Although a single database initially may be more affordable, it exposes more enterprise devices and data to exploitation. To protect company data, organizations should use multiple databases and only connect company databases to IoT devices that are specifically vetted for secure enterprise use.
Another solution to protecting a company’s internal network is having two different Wi-Fi networks — one for only company devices and one for employees' personal phones. Restricting BYOD policies could also include forbidding smaller smart devices, such as watches, from being on the same network as a company-used device. Then an attacker cannot move laterally to the main company network after they access, for instance, an employee's intelligent space heater.
9. Password mistakes and stolen credentials
Employees often share passwords to help each other access accounts, but giving out passwords is dangerous. It increases access to sensitive data, including via mobile devices, and removes some of the security that passwords provide.

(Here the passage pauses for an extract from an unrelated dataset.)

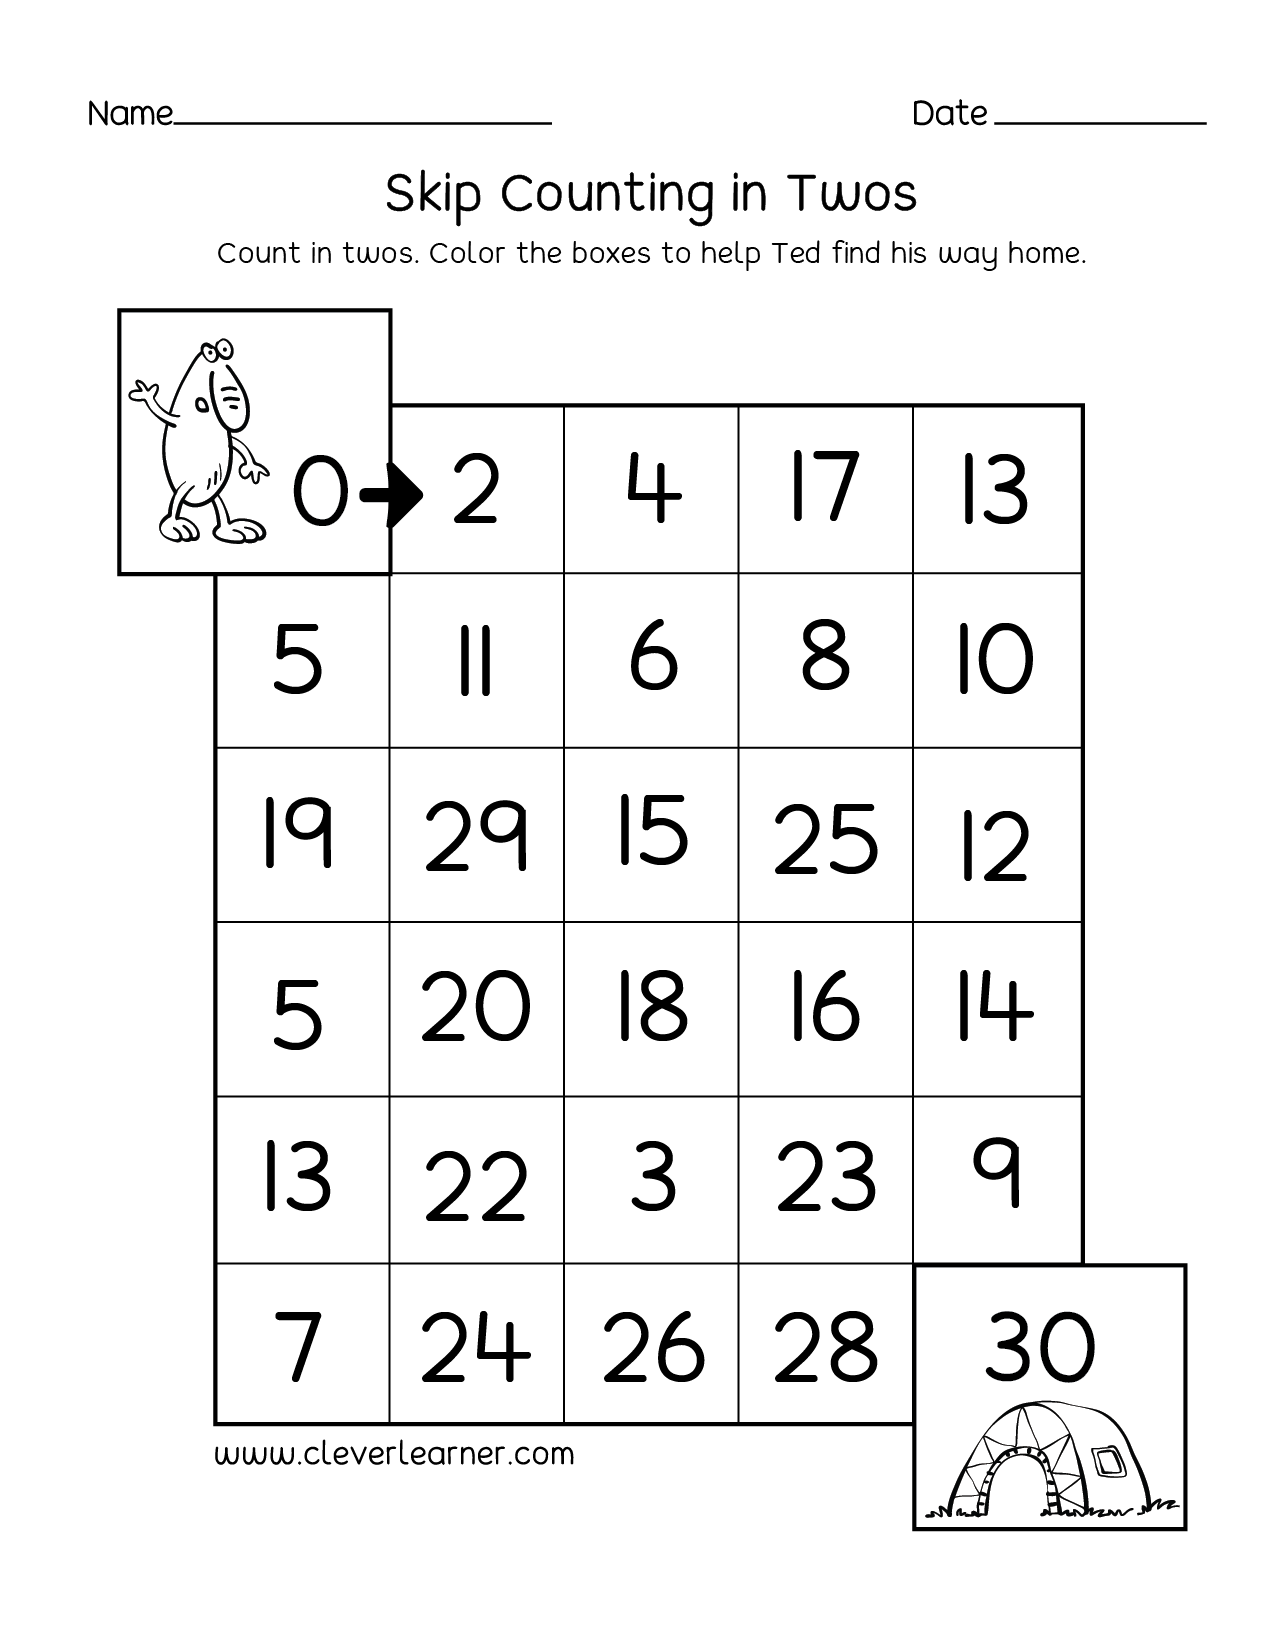 skipping-numbers-activities-and-worksheets-for-kindergarten-and-first-grade

Company accounts should have strong, unique passwords. Password management software, such as Lastpass or 1Password, can help companies manage and safely share passwords, rather than unsecurely sending them through direct message or a written note.
Companies should also operate on a least-privilege access system. This method of restricting sensitive data only gives employees access to the applications and files that they absolutely need to do their job.
10. Devices that are old or aren't updated
Some of the oldest mobile devices in use, such as phones from years ago, can no longer receive the latest operating system updates, and devices that don't have the latest security and patches can be more susceptible to attacks.
It's difficult, and not always financially feasible, for all employees to have new devices, but companies can reduce risk by limiting the applications and permissions on older devices. And any other devices should be regularly updated.
Using only encrypted transmissions of data and encrypted web pages can also help older mobile devices avoid basic security vulnerabilities such as session hijacking.
Staying ahead of mobile attacks is one of the biggest endpoint challenges for enterprises. Because mobile devices are so much more flexible and simple to use, they're also a target for hackers.
The COVID-19 pandemic created more opportunity for attackers to exploit the increased use of mobile devices, whether for ordering packages or food, performing contact tracing or working from home. Overloaded with other concerns, IT teams struggled to meet the demand for greater security.
In 2021, businesses can focus on managing employee device usage at work and BYOD policies that help enforce mobile workplace security. Employees will also benefit from training that informs them of typical phishing and other social engineering attacks, explaining how those happen and increasing their awareness through repetition.
For devices such as IoT hardware, enterprises should exercise extreme caution when installing them within the company's network and consider limiting which Wi-Fi networks and other corporate devices they can access.